Banking, finance, and taxes

Green Dot Secondary, Maybe 'Good Dilution' (GDOT)

Green Dot Corporation (NYSE: GDOT) has been one of the better IPO outcomes for 2010. It was just on July 21, 2010 that the prepaid credit card company sold 4.6 million shares at $36.00 per share.  That was above a 4.2 million share offering first noted and above the $32 to $35 per share price target.  What was odd was that it was all executives and insiders who sold shares ate the IPO and none of the IPO proceeds went to the company itself.  Now the company has filed for a secondary offering.  That was fast, extremely fast.

The public secondary offering will consist of another 4,269,051 shares of common stock.  As in the IPO, all shares are being sold by existing holders and none of the proceeds will end up in Green Dot’s coffers.

J.P. Morgan and Morgan Stanley will act as joint book-running managers for the offering, and the group will have a 30-day overallotment option to purchase up to an additional 426,904 shares of common stock from the shareholders.

Green Dot has never traded anywhere close to its IPO pricing.  The post-IPO range this year was $47.01 to $59.80, and the stock closed at $59.71 today.

The after-hours reaction has shares trading down almost 3% around $58.00.  This is one of those drops that might feel like a win considering that it is close to a doubling of the float.

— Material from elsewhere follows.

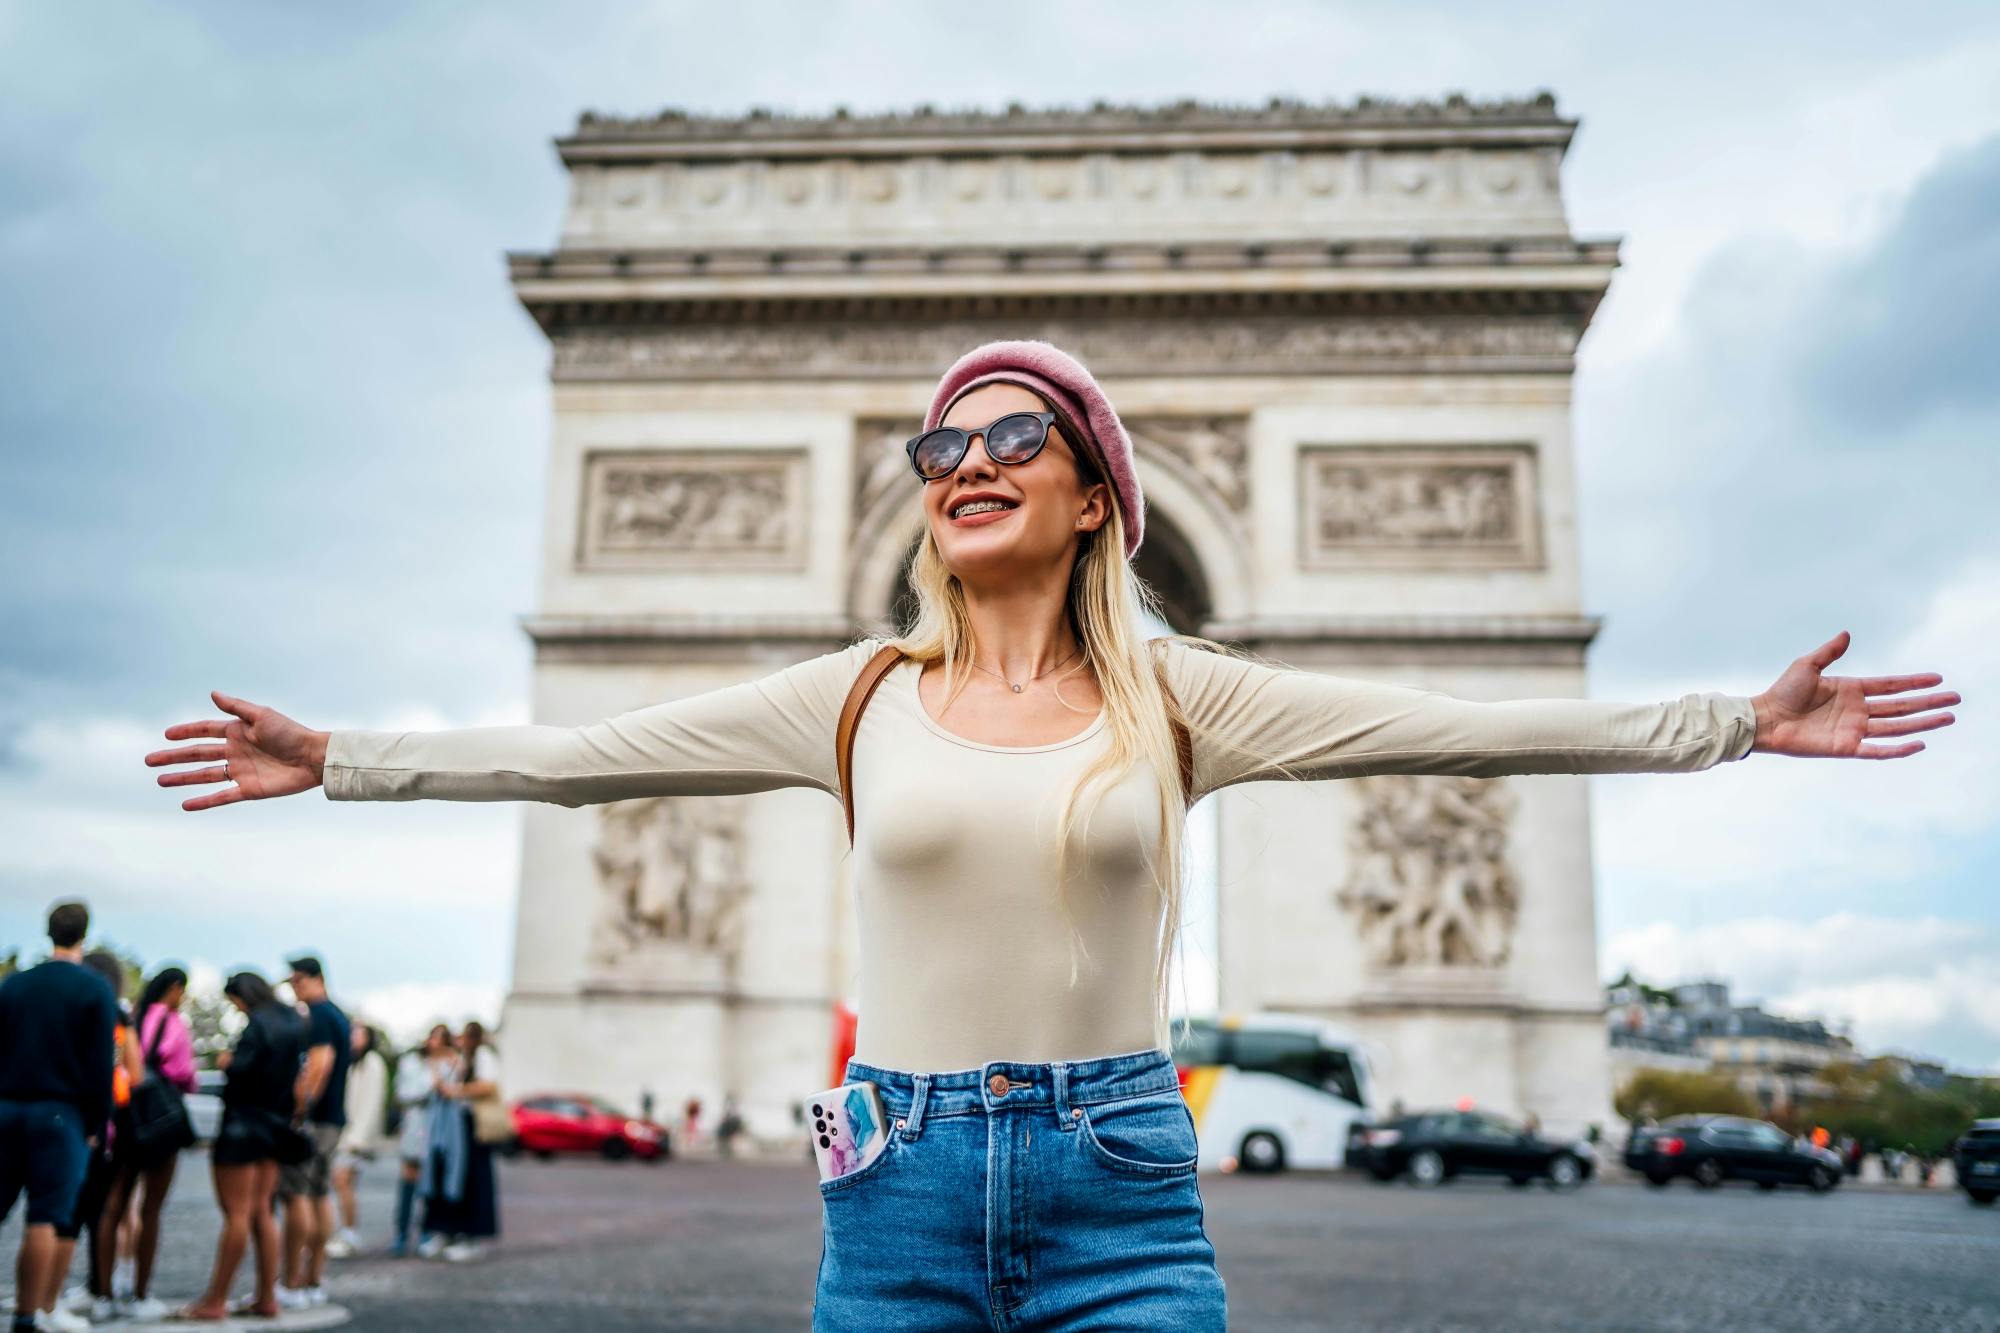 Excursão fotográfica em Paris Os 3 Grandes: Torre Eiffel, Arco do Triunfo e Sena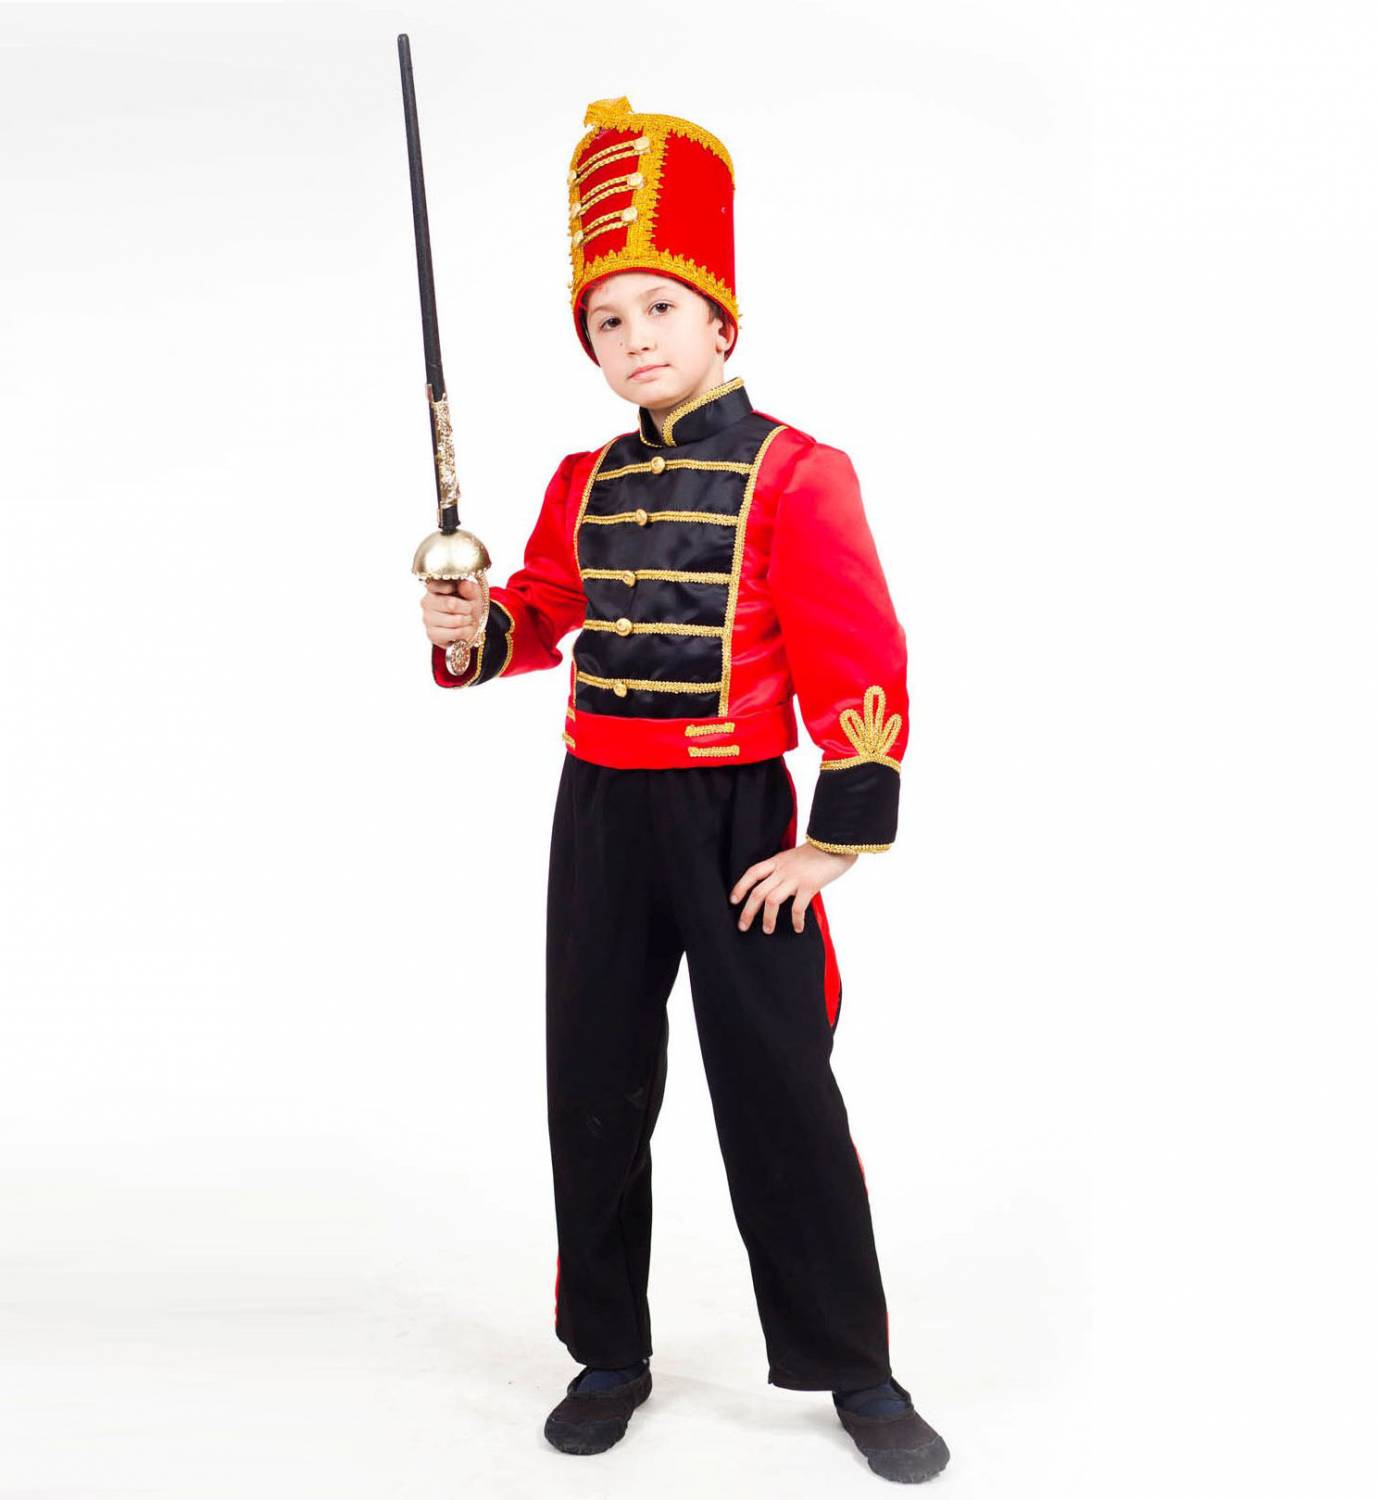 Костюм гусара, детский новогодний, карнавальный костюм Гусара, фирмы Шампания, артикул Н68781

Perhaps the explanation is as simple as this sort of dilution is actually ‘good dilution’ if you can say that.  One issue around the stock is that the free float of shares is actually just too small for any investors to get really get their hands on.  The average volume is only about 70,000 shares per day.  Maybe this offering will allow Green Dot’s free float and average share volume to more adequately reflect how it has performed.